Geographical dislocation and changing times slowly erode the innocent love of a young couple in Hou Hsiao-Hsien’s nostalgic youth drama, Dust in the Wind (戀戀風塵, Liànliàn Fēngchén). Hoping for a better standard of life, they venture to the city but discover that the grass is always greener while their problems largely follow them and the young man finally alienates his childhood love with his stubborn male pride, imbued with a general sense of futility in the inability to better himself because of the constraints of a society which is changing but unevenly and not perhaps in ways which ultimately benefit.
Opening with a long POV shot of a train emerging from darkness into the light, Hou finds Wen (Wang Chien-wen) and Huen (Xin Shufen) travelling home from school she bashfully admitting that she didn’t understand their maths homework while he automatically shoulders the heavy rice bag her mother has asked her to collect on the way. Their relationship is indeed close and intimate, almost like a long-married couple, yet there’s also little that tells us they are romantically involved rather than siblings or merely childhood friends. Given his family’s relative poverty and the lack of opportunities available in the village, Wen decides not to progress to high school but move to Taipei in search of work while studying in the evenings. Some time later Huen joins him, but they evidently struggle to reassume the level of comfort in each other’s company they experienced at home, Wen permanently sullen and resentful while Huen perhaps adapts more quickly to the rhythms of urban life than he expected if also intensely lonely and fearful, no longer confident in his ability and inclination to care for her.
Huen clearly envisions a future for the both of them of conventional domesticity, eventually writing to Wen after he is drafted for his military service that a mutual friend spared the draft because of a workplace injury is moving back to his hometown to get married and is planning to sell off land to build houses one of which will be for them. But Wen is still consumed with resentment, frustrated that he can’t make headway in Taipei and in part blaming Huen for highlighting his failure while also holding her responsible when the motorbike he’d been using for work as a delivery driver is stolen after he gives her a ride to town to buy presents for her family.
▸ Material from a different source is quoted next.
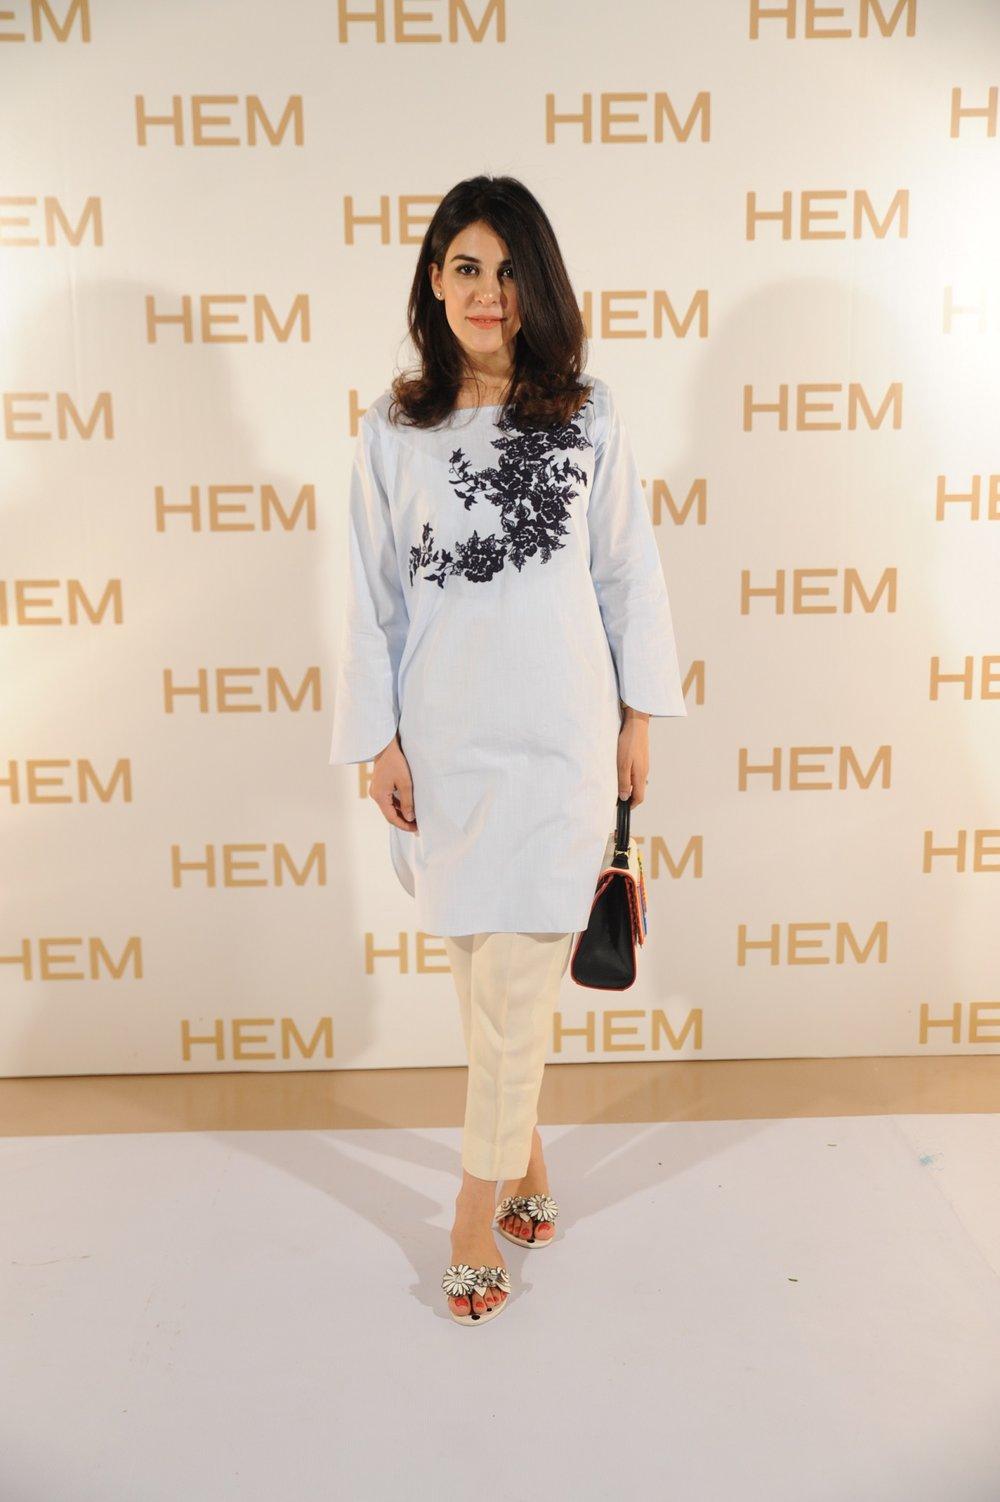 Aymen Hikmat wearing HEM.JPG

They only seem to speak through the bars of a small window in the basement tailoring room where Huen works as if something is always between them while she complains of her loneliness, Wen apparently ignoring her for long stretches of time while studying for exams though ultimately electing not to apply for colleges. While he’s away in the army, Huen’s letters to him become increasingly infrequent until Wen’s start coming back return to sender, the other soldiers mocking him for his devotion to his hometown girlfriend while suggesting that she has most likely moved on, a supposition which turns out to be correct in the extremely ironic nature of her new suitor.
Yet it’s not quite true that everything is rosy in the country and rotten in the city. On a visit home, Wen overhears his father and some of the other coal miners discussing a potential strike action feeling themselves exploited and under appreciated, while later that evening a group of boys who also left for Taipei lament their circumstances afraid to explain to their parents that things aren’t going well and that they’ve been physically abused by their employers. Ironically enough it’s Wen who can’t seem to gel with city life, becoming frustrated by Huen’s ability to go with the flow having a minor patriarchal tantrum when she accepts a drink from his male friends at a going away party for a man about to enlist. She responds by voluntarily removing her shirt for an artist friend to decorate, staring at him with scorn while waiting around in her vest. In the village everyone is disappointed, feeling as if Huen has betrayed Wen in failing to fulfil their romantic destiny though it is often enough he who has alienated her in his prideful stubbornness, continually cold towards her, leaving her lonely and afraid. Had they stayed, perhaps they would have married, had children, grown old and done all the expected things together and in that sense “modernity” has indeed come between them but then again they were children and what teenage lovers don’t assume they’re “supposed” to be? “What can you do?” come the words from stoical granddad (Li Tian-lu), explaining that his transplanted potatoes haven’t fared well in the recent storm.
While Wen’s father can only lament the toll changing political realities took on his future prospects, literally moving rocks around in drunken bouts of frustrated masculinity, Wen must struggle with his familial legacy while wondering if perhaps it’s better in the village after all ensconced in the beautiful rural landscape far from the consumerist corruptions of increasing urbanity. But then according to granddad, the potatoes only accept the nutrient when severed from the vine, much harder to look after than ginseng, apparently. You have to wander in order to find a home, life is hard everywhere, sometimes painful and disappointing, but what can you do? Like dust in the wind, try your best to ride it out.
Dust in the Wind streams in the UK 25th to 31st October as part of this year’s Taiwan Film Festival Edinburgh.